Titled "Health and Health Care of Women Veterans and Women in the Military: Research Informing Evidence-based Practice and Policy," the Supplement features commentaries by VA investigators examining the role, history, and future of women's health research. In the opening commentary of the Journal, guest editors Elizabeth M. Yano, Ph.D., and Susan M. Frayne, MD, discuss the heightened focus on health services research. The guest editors noted that within the first four years after the VA Office of Research and Development established its women's health agenda, more articles on this topic have been published than in the previous 25 years combined.

The Supplement includes 18 peer-reviewed research articles addressing the changing demographics and demands of VA health care presented by the recent surge of women Veterans into the system. Among the topics addressed are: gender differences and disparities in care; mental health, including military sexual trauma and substance abuse; post deployment health, including posttraumatic stress disorder; quality and delivery of care; and special populations, including homeless women Veterans and those with traumatic brain injury.
Susan F. Wood, PhD, Director of the Jacobs Institute, stated, "These papers illustrate both the breadth and depth of the health concerns of women veterans. They also demonstrate the critical role of the research needed to fill the gaps and to address these concerns."

In her Editor's Note introducing the Supplement, Women's Health Issues Editor-in-Chief Anne Rossier Markus, JD, PhD, MHS, wrote, "According to analyses published in this Supplement, today, one in five new recruits is a woman, 15% of active military personnel are women, and women have become the fastest growing group of veterans who are new users of the VA health care system.
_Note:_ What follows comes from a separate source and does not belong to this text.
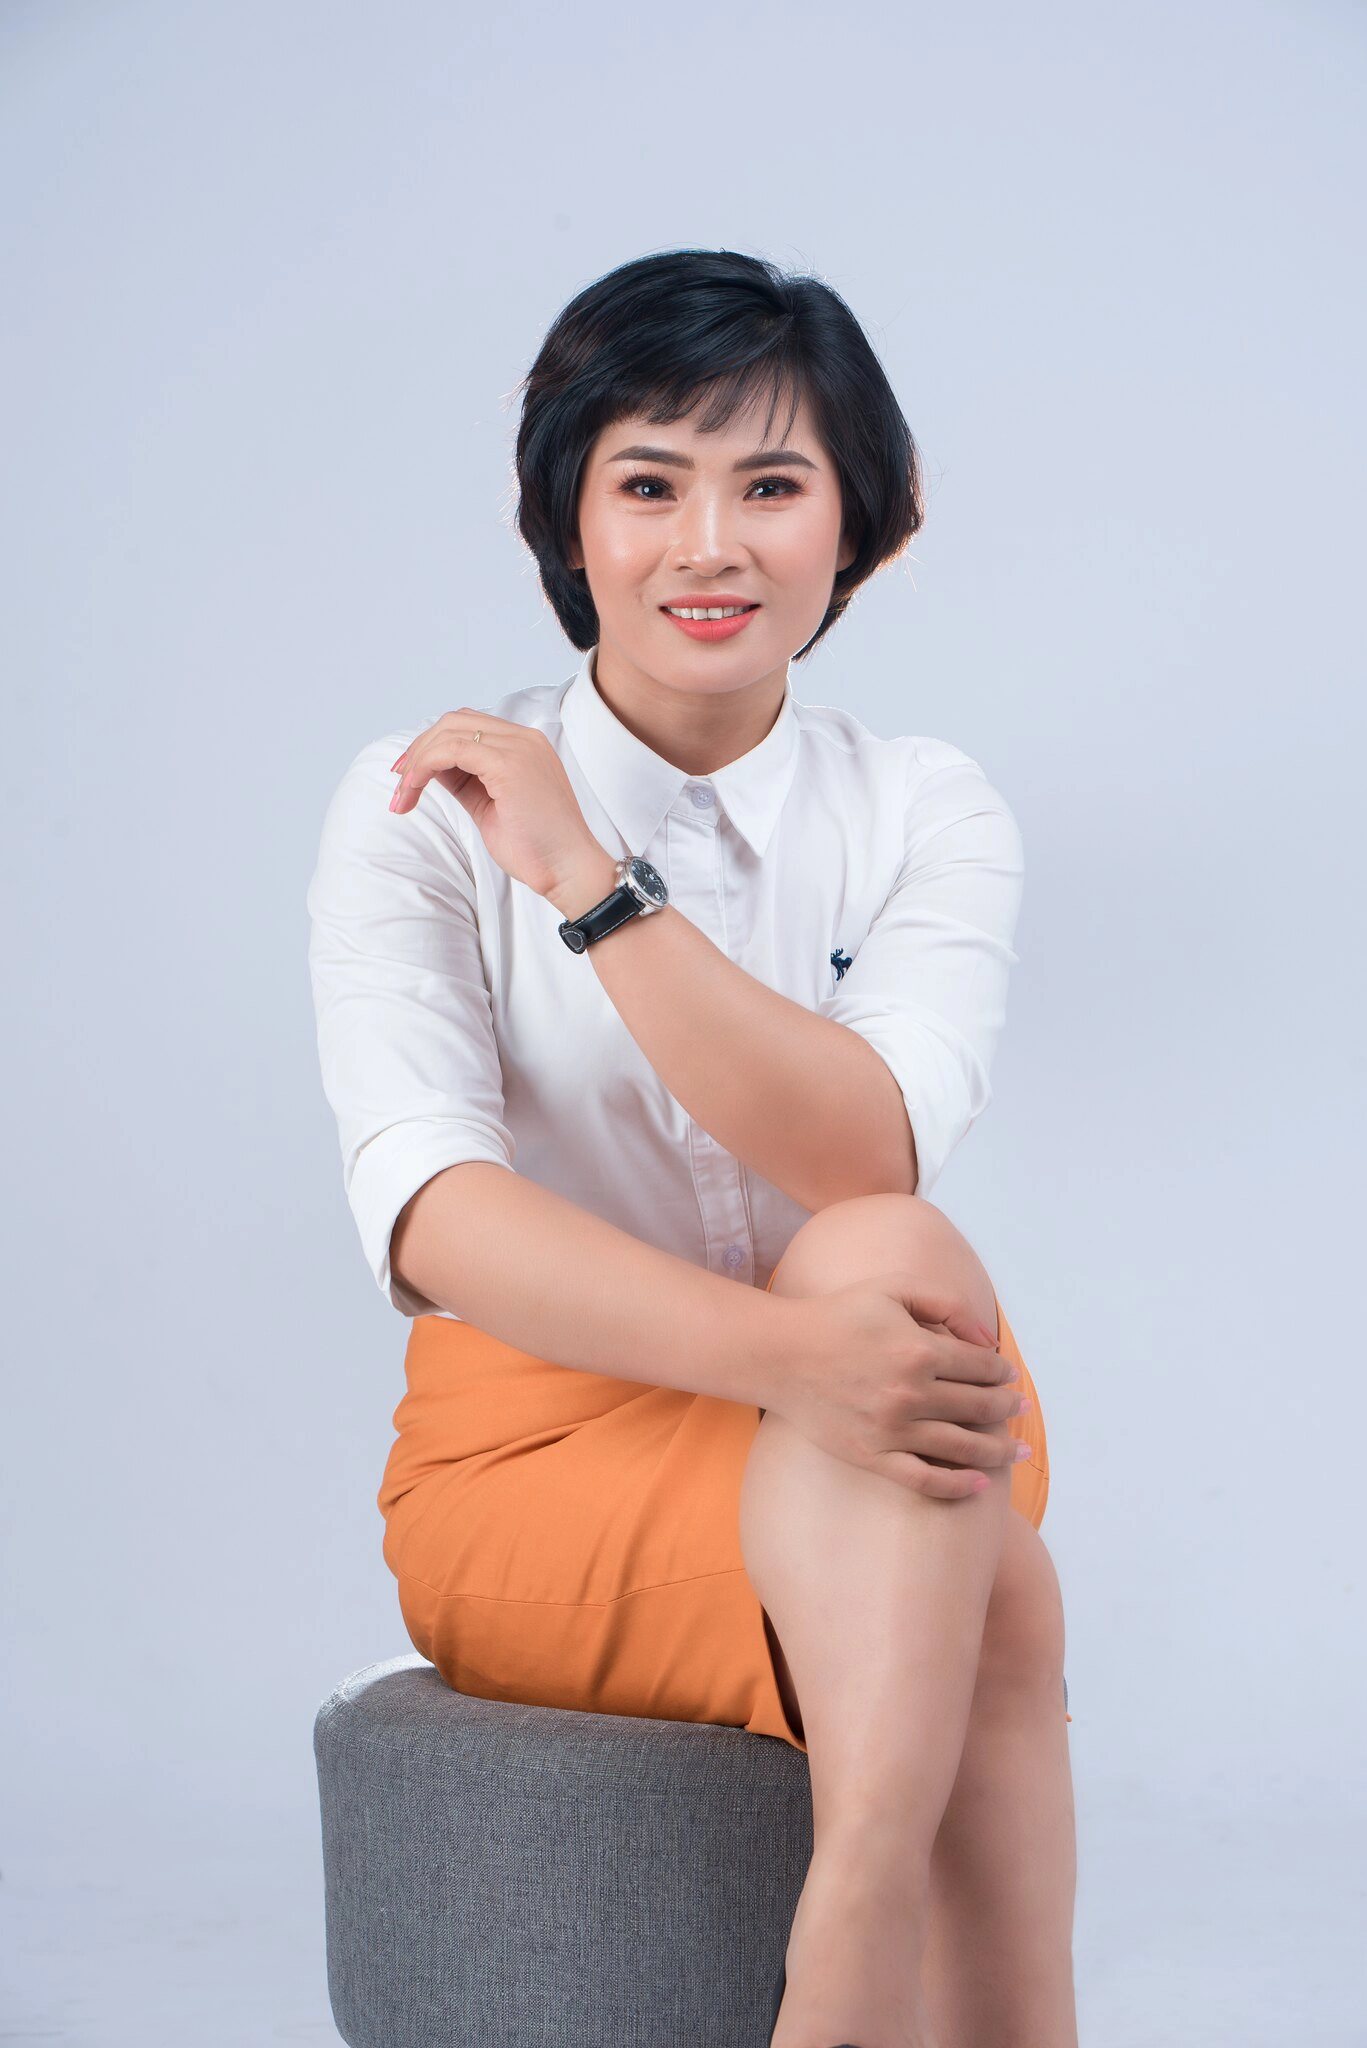 cong ty manulife 14 min - 49 cách tạo dáng chụp ảnh profile đẹp, chuyên nghiệp nhất- HThao Studio

This shift in the VA user demographics should not be underestimated, because it has important implications for the VA's ability and capacity to accommodate women's needs in all aspects of life, whether they are working or retired, suffer from chronic conditions that often are the direct result of their service in theaters of war, or have routine medical needs, all of which require tailored services and programs. The VA, often cited as the U.S. model of a government-funded, government-run health care system, has also made great strides in transforming its ways of delivering care and in investing in monitoring and evaluation, including research that focuses on women's health."